BEGIN RAW DATA

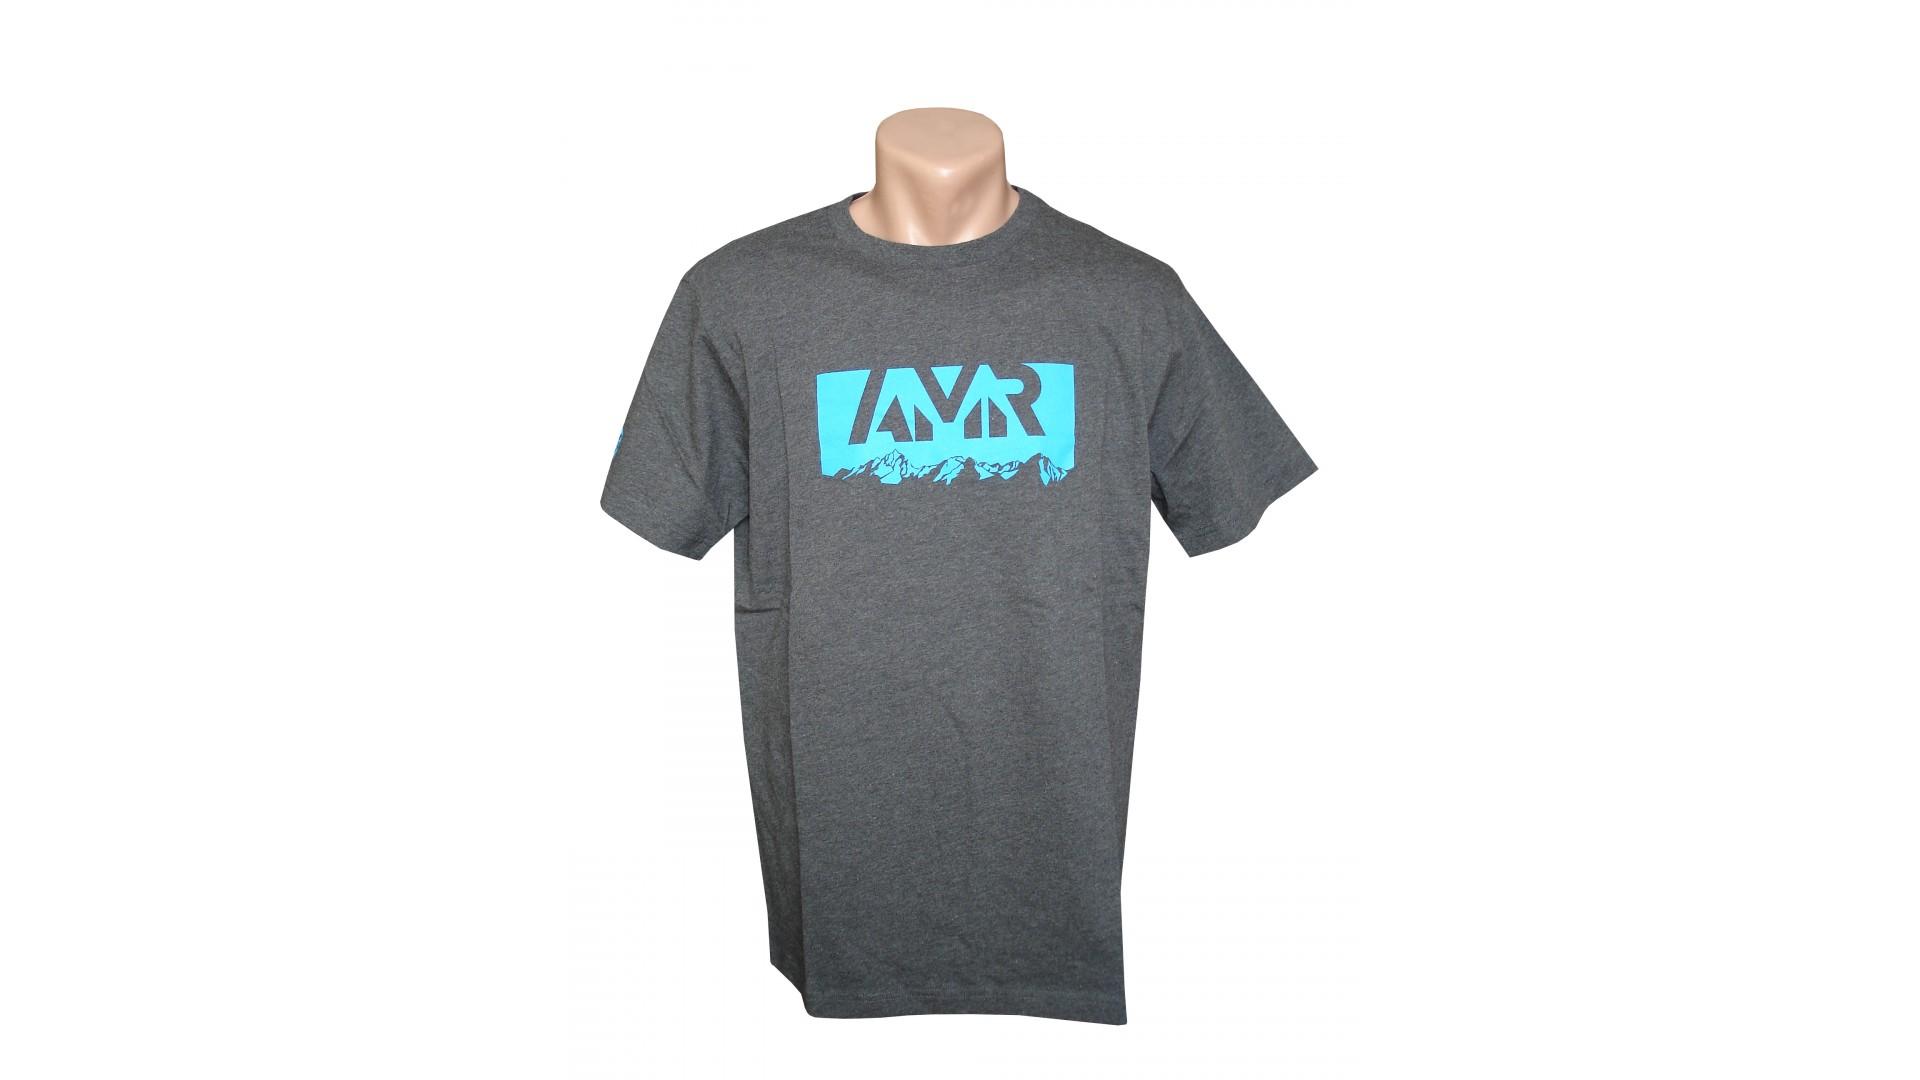 Футболка Ghost T-shirt AMR grey год 2016 вид спереди
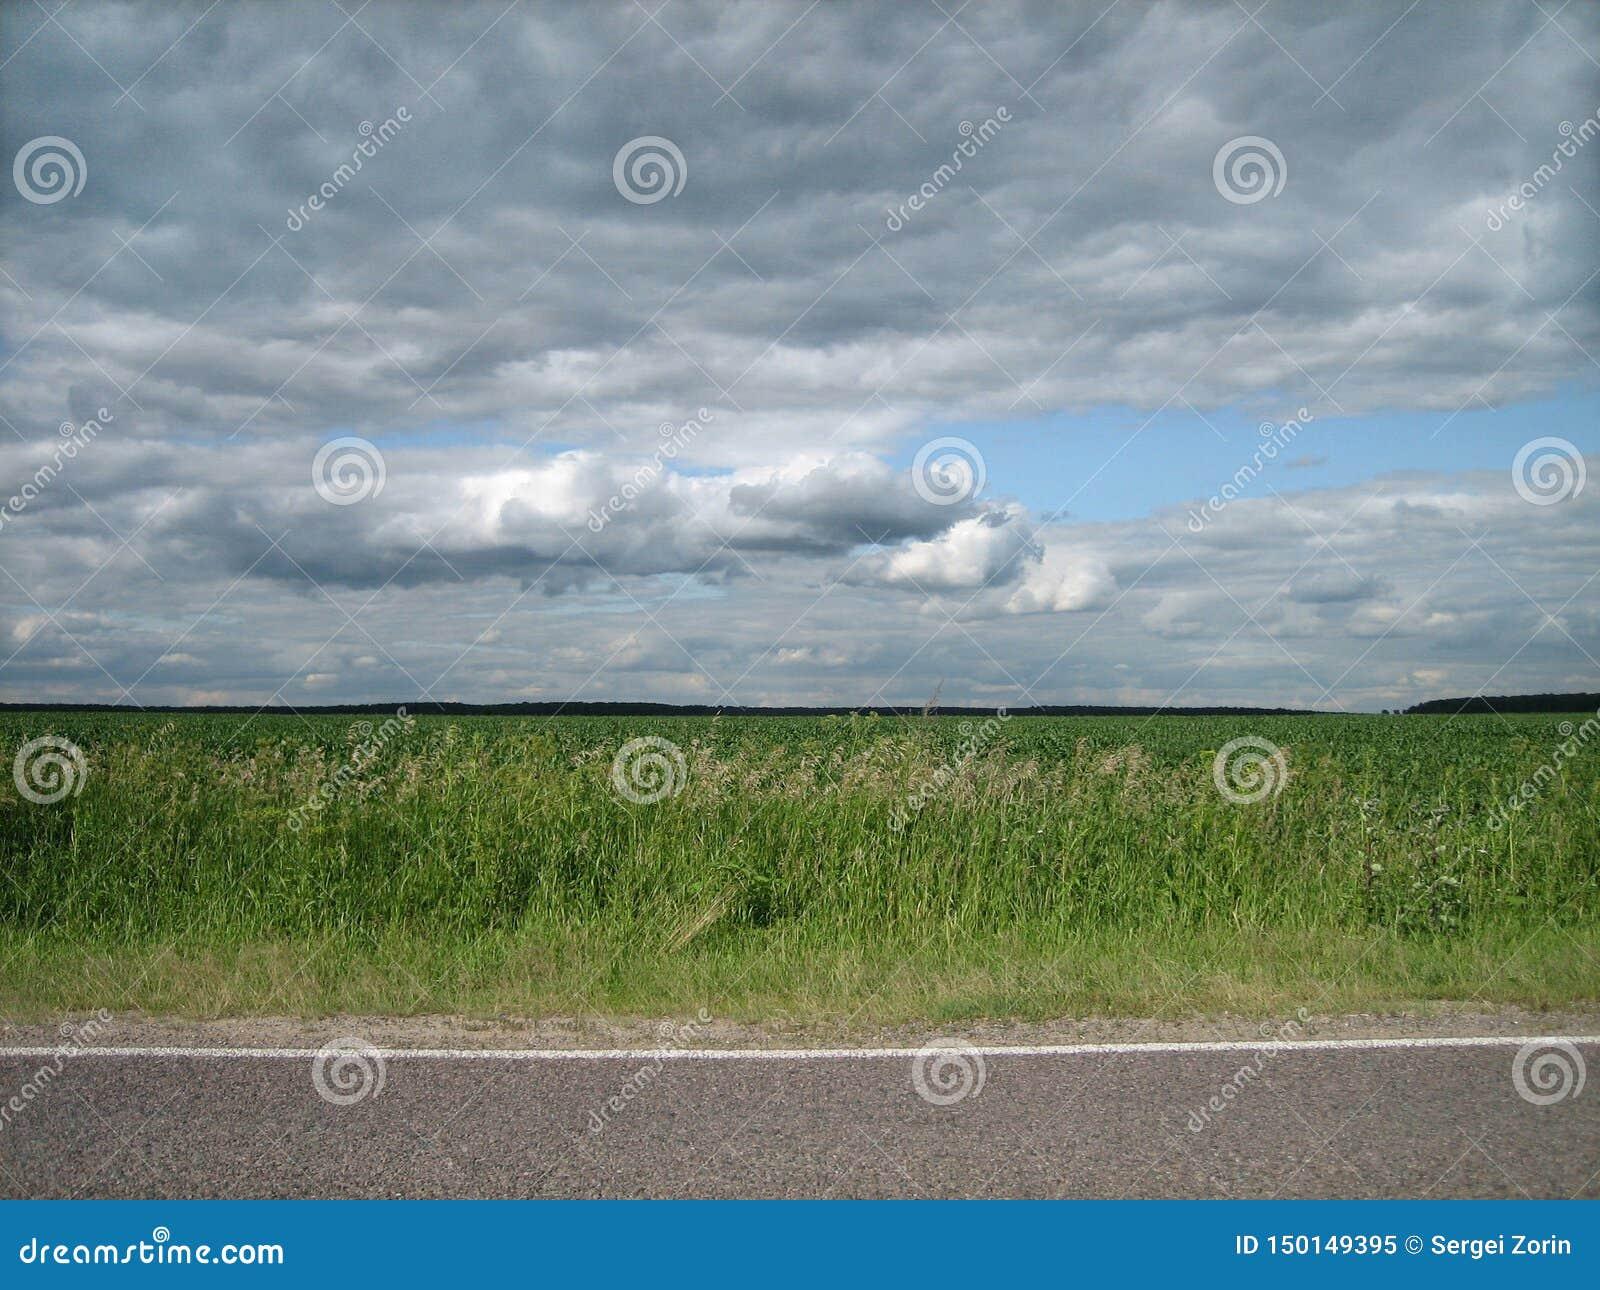 Borda lisa de estradas pavimentadas em um campo verde limpo no campo
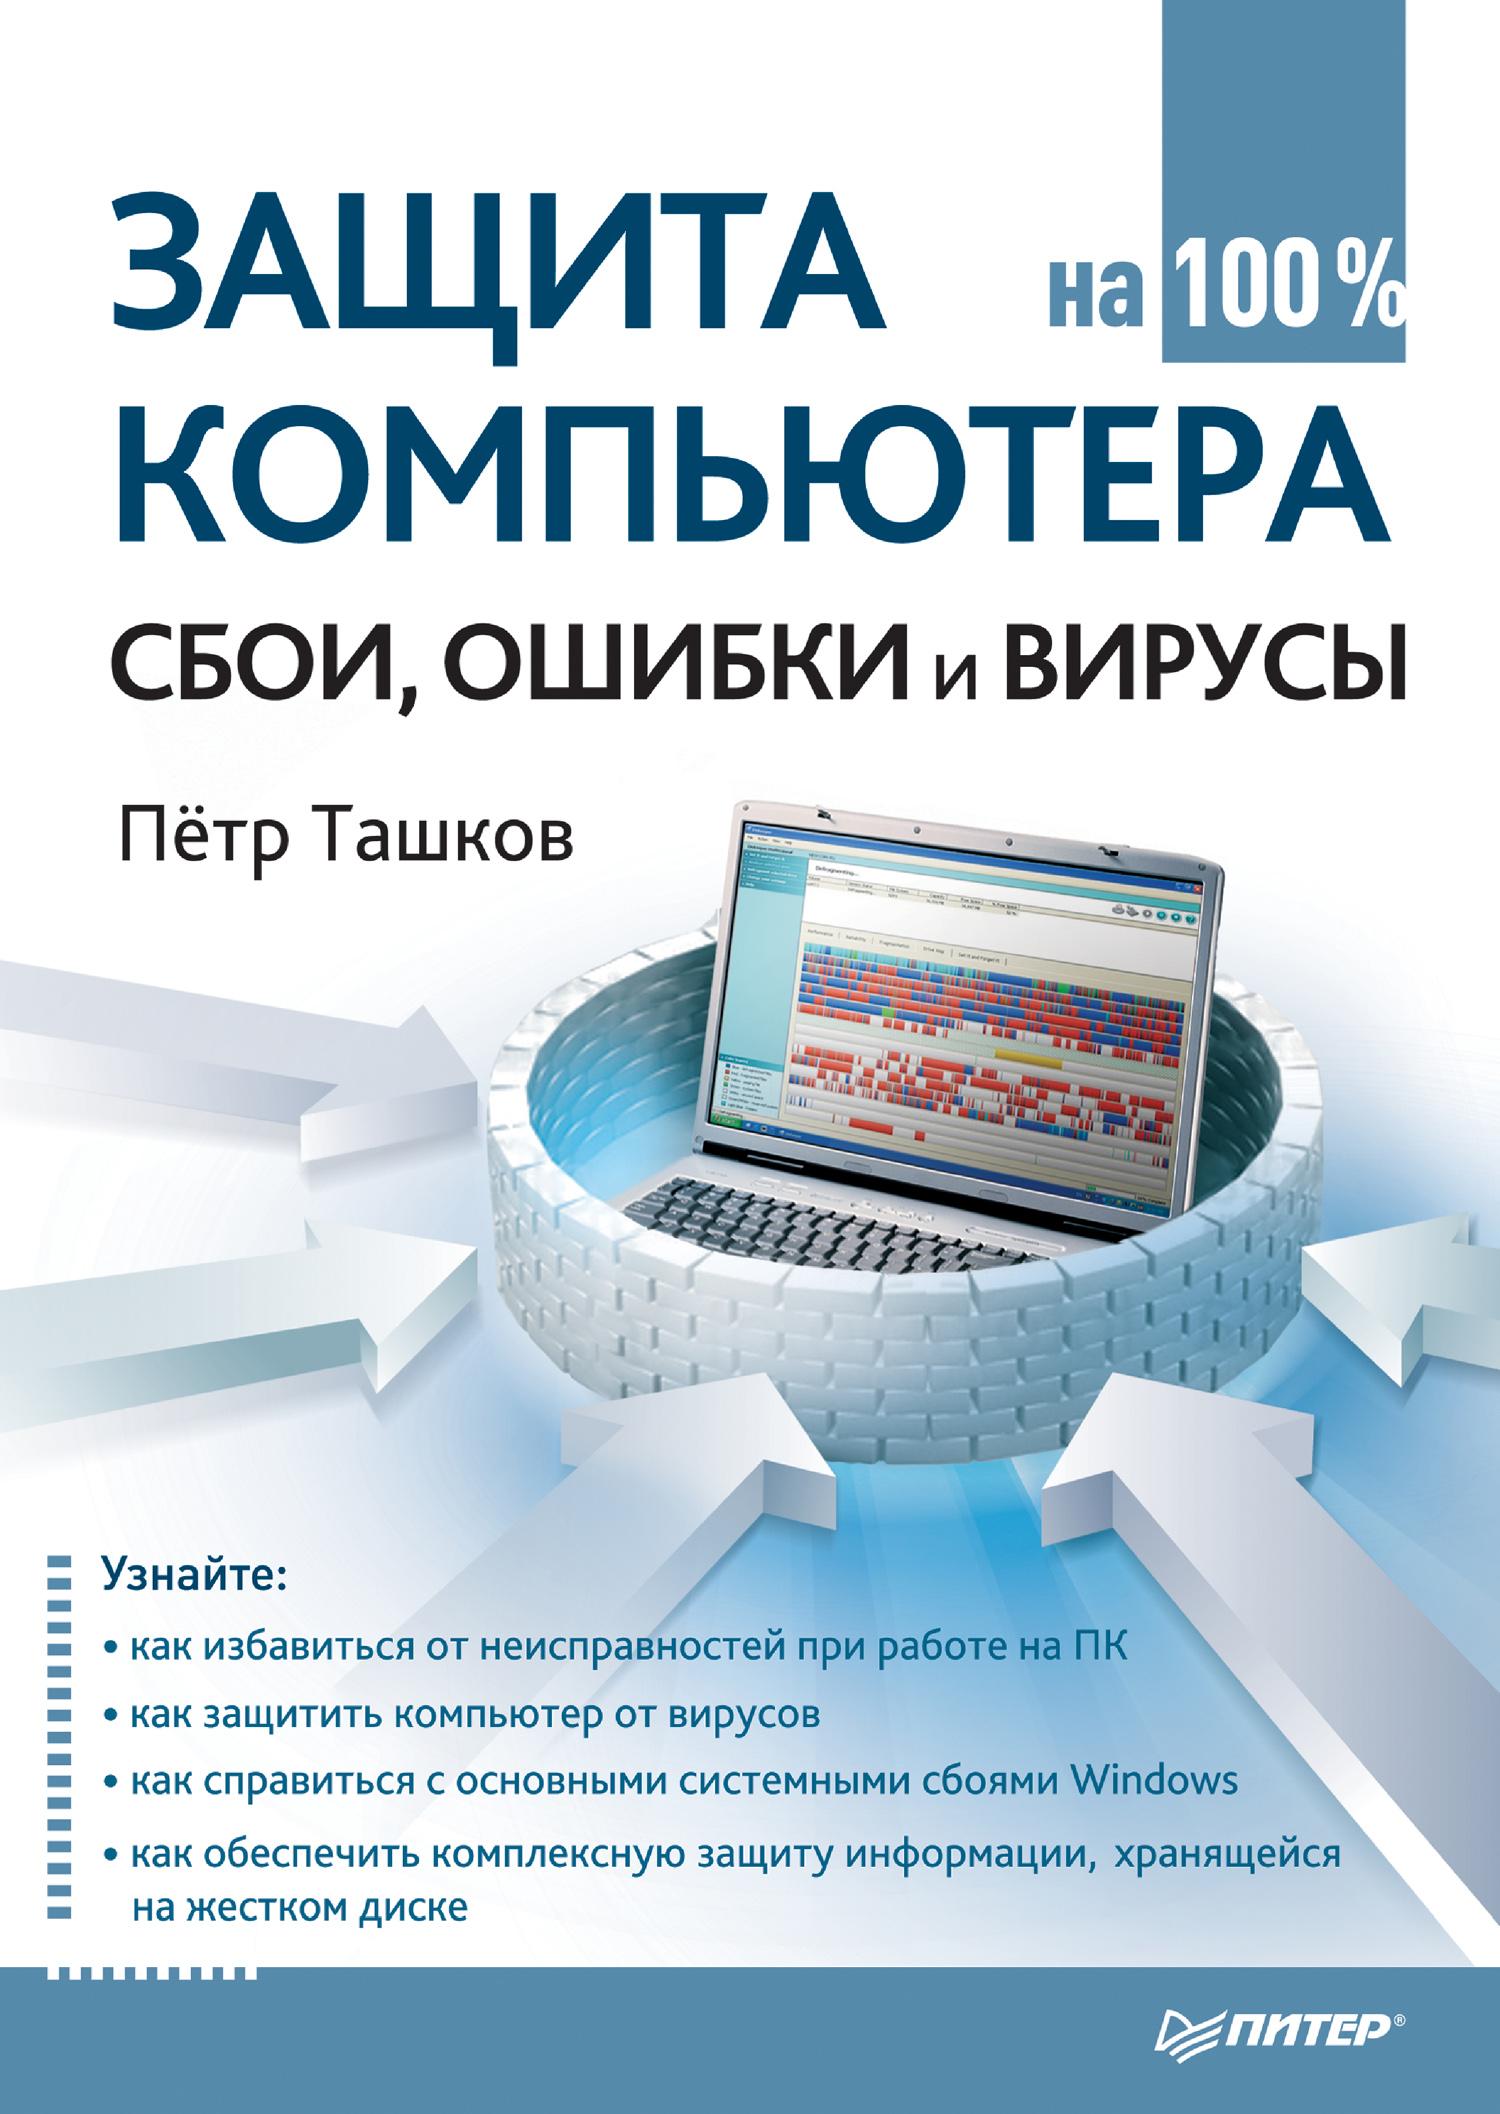 Петр Ташков «Защита компьютера на 100%: cбои, ошибки и вирусы»

END RAW DATA

*DIRECTIONS FOR THIS TASK*: Exact copy required, pictures excluded: the lines from the one holding "Borda lisa de" through the last line of the data, both ends included.

*ANSWER AREA*:
 Borda lisa de estradas pavimentadas em um campo verde limpo no campo
 Петр Ташков «Защита компьютера на 100%: cбои, ошибки и вирусы»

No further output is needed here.